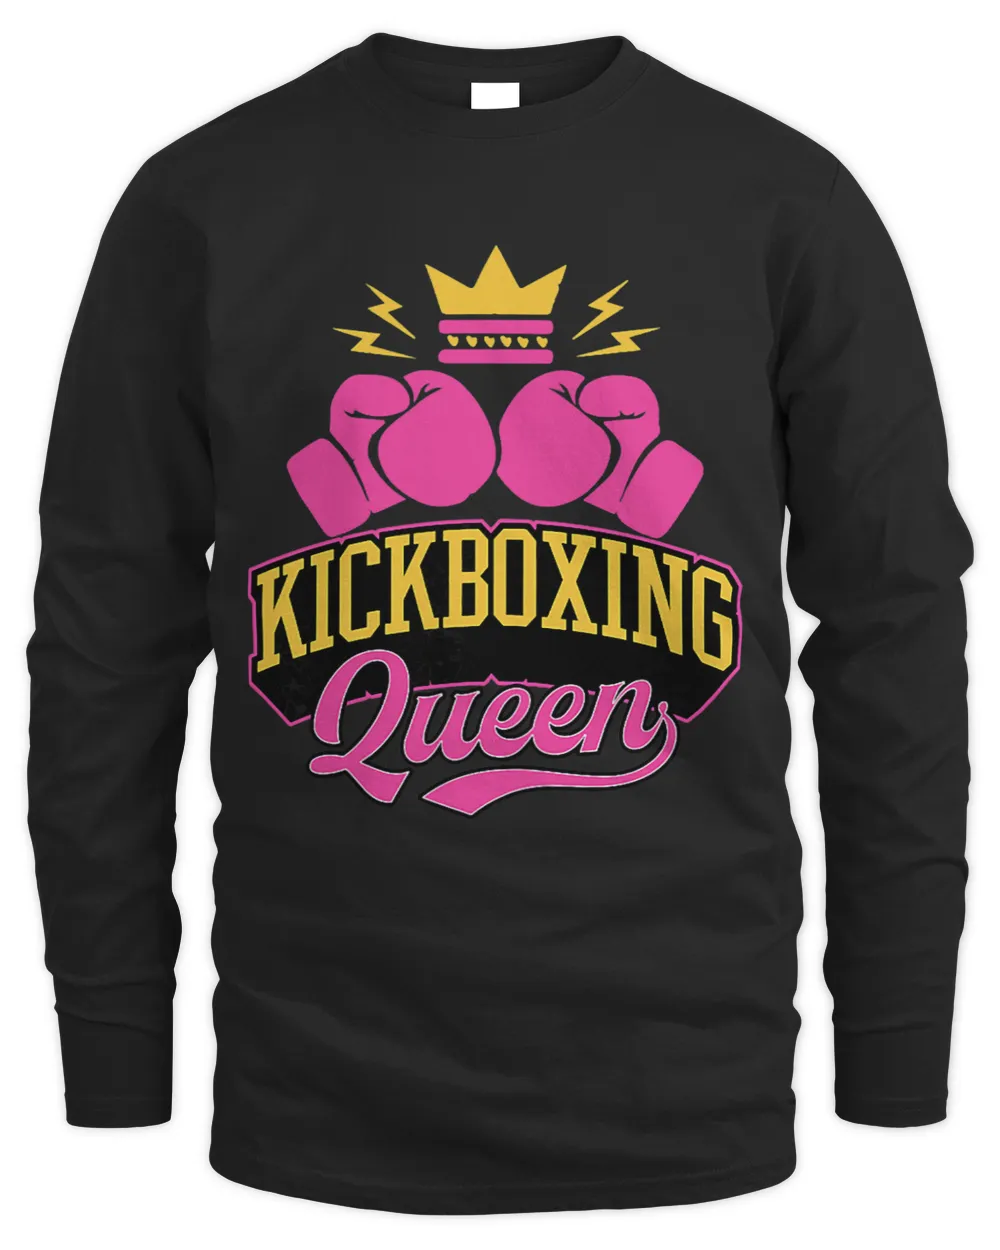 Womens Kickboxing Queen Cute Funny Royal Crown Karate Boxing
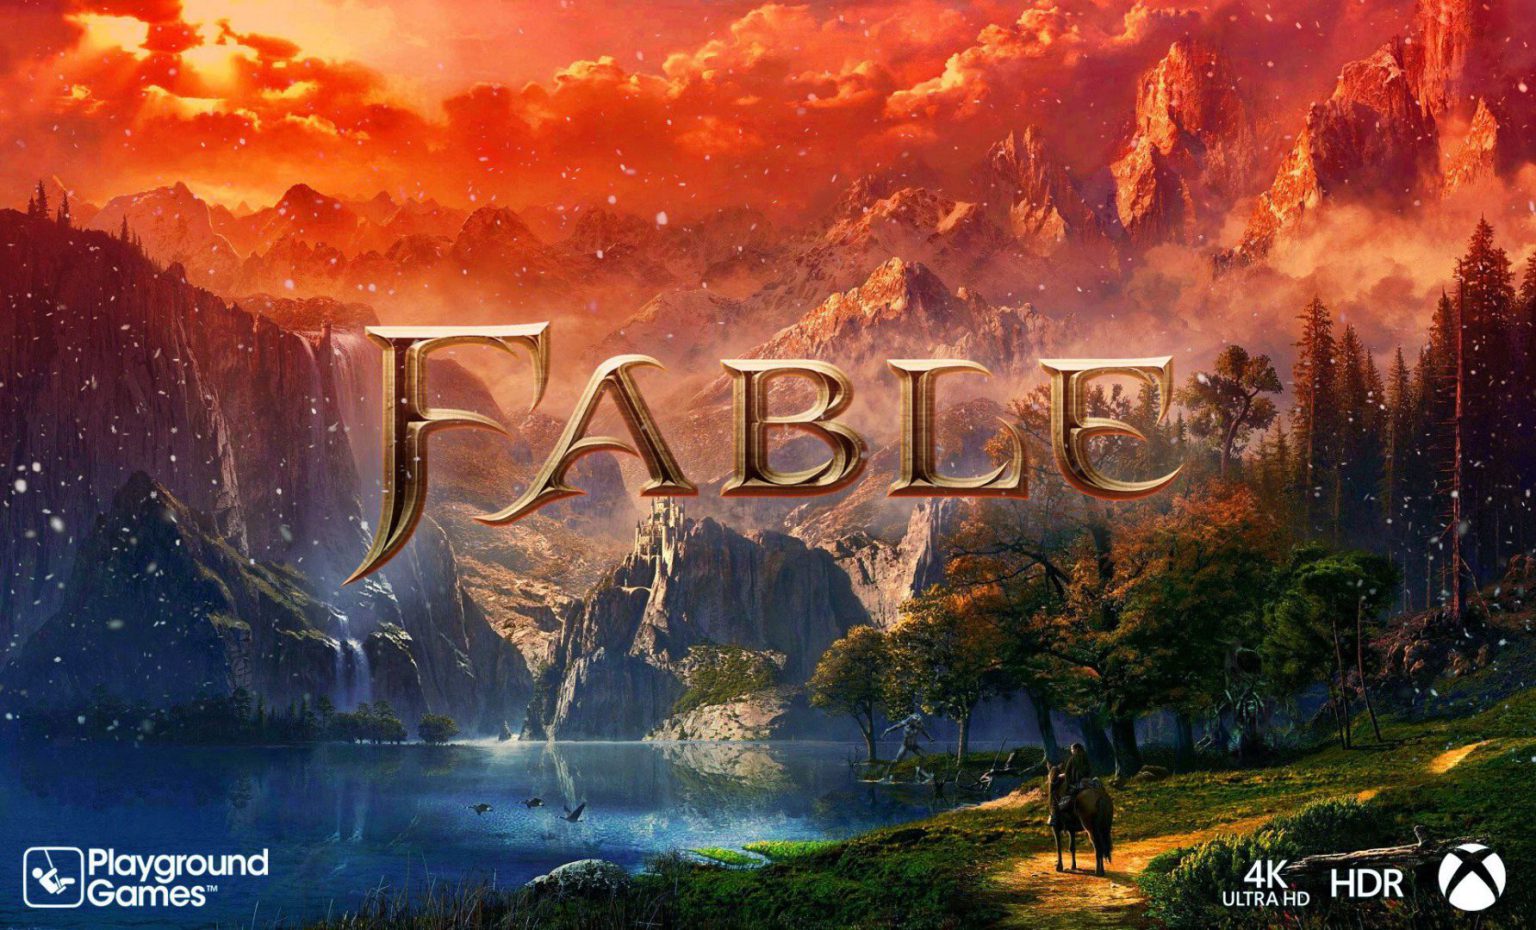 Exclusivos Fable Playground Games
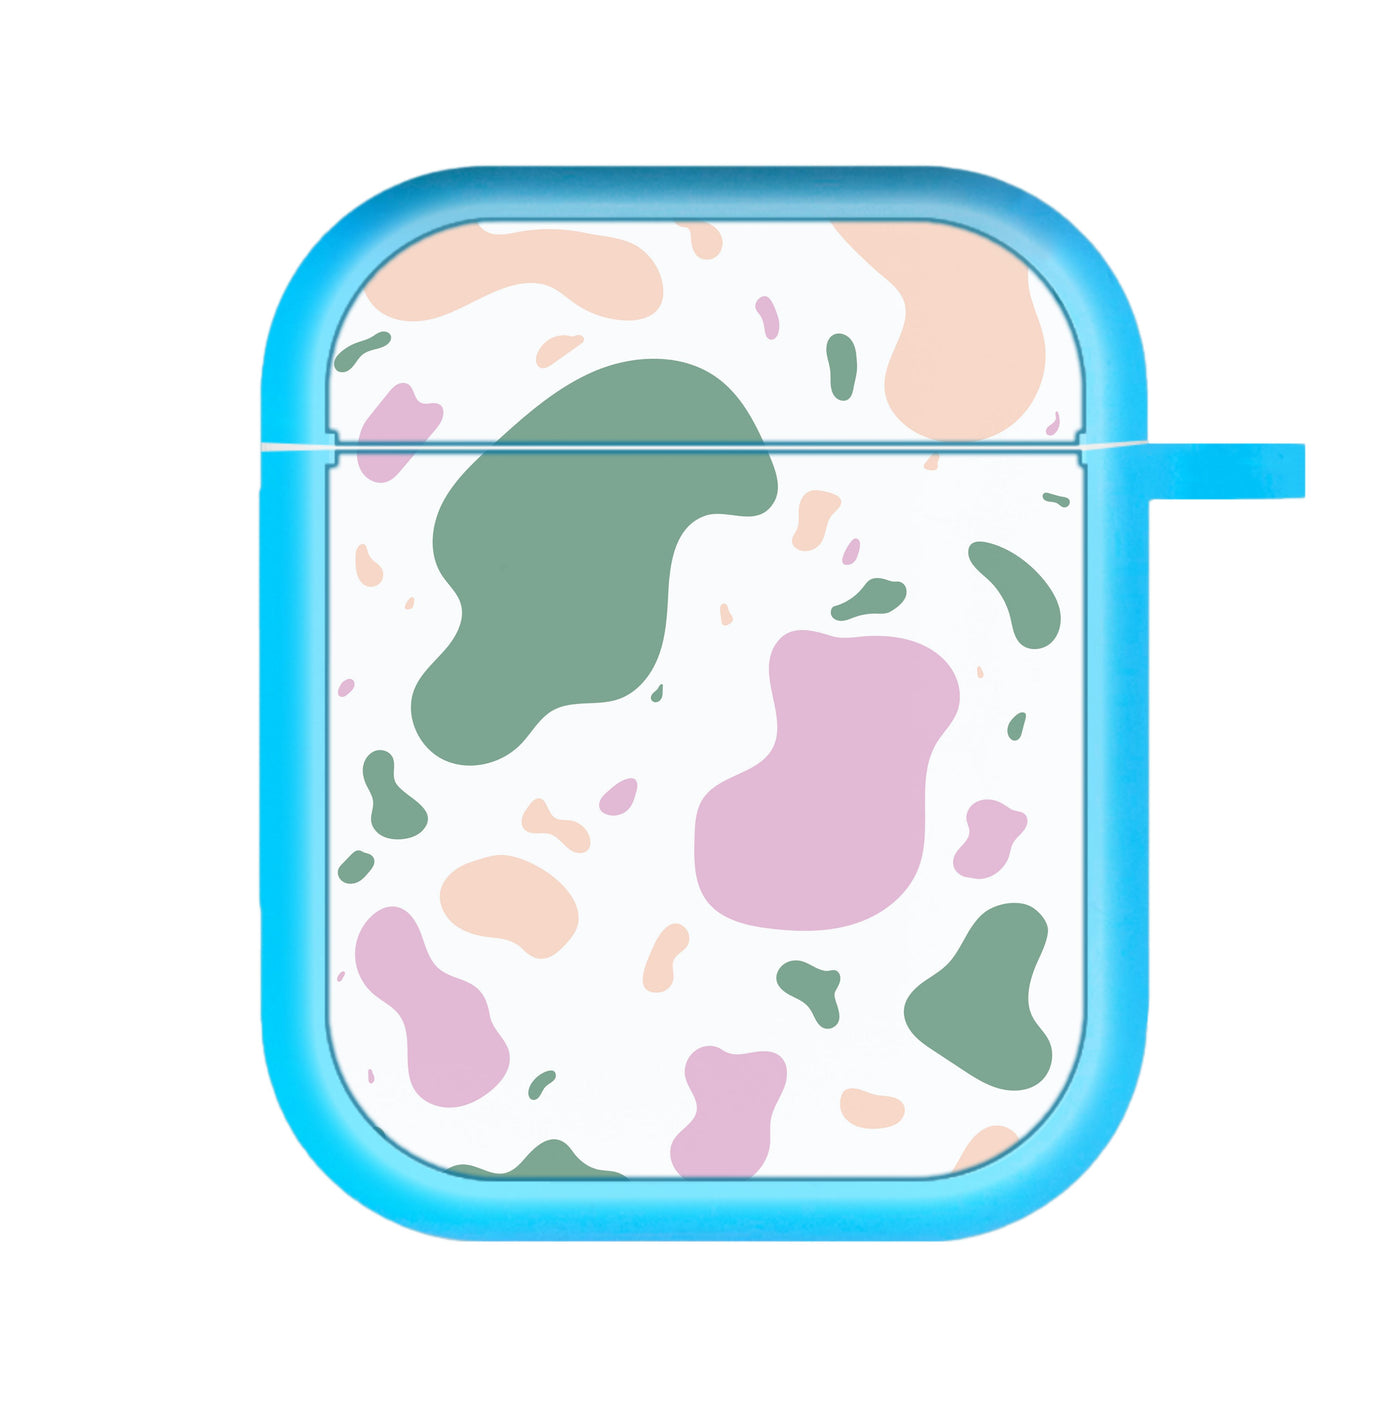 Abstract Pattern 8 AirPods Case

· · · ·

What is needed is an exact copy of every line from the one with "Exclusivos Fable Playground Games" to the end of the listing above, with the pictures left out.

**ANSWER:**
 Exclusivos Fable Playground Games
 Abstract Pattern 8 AirPods Case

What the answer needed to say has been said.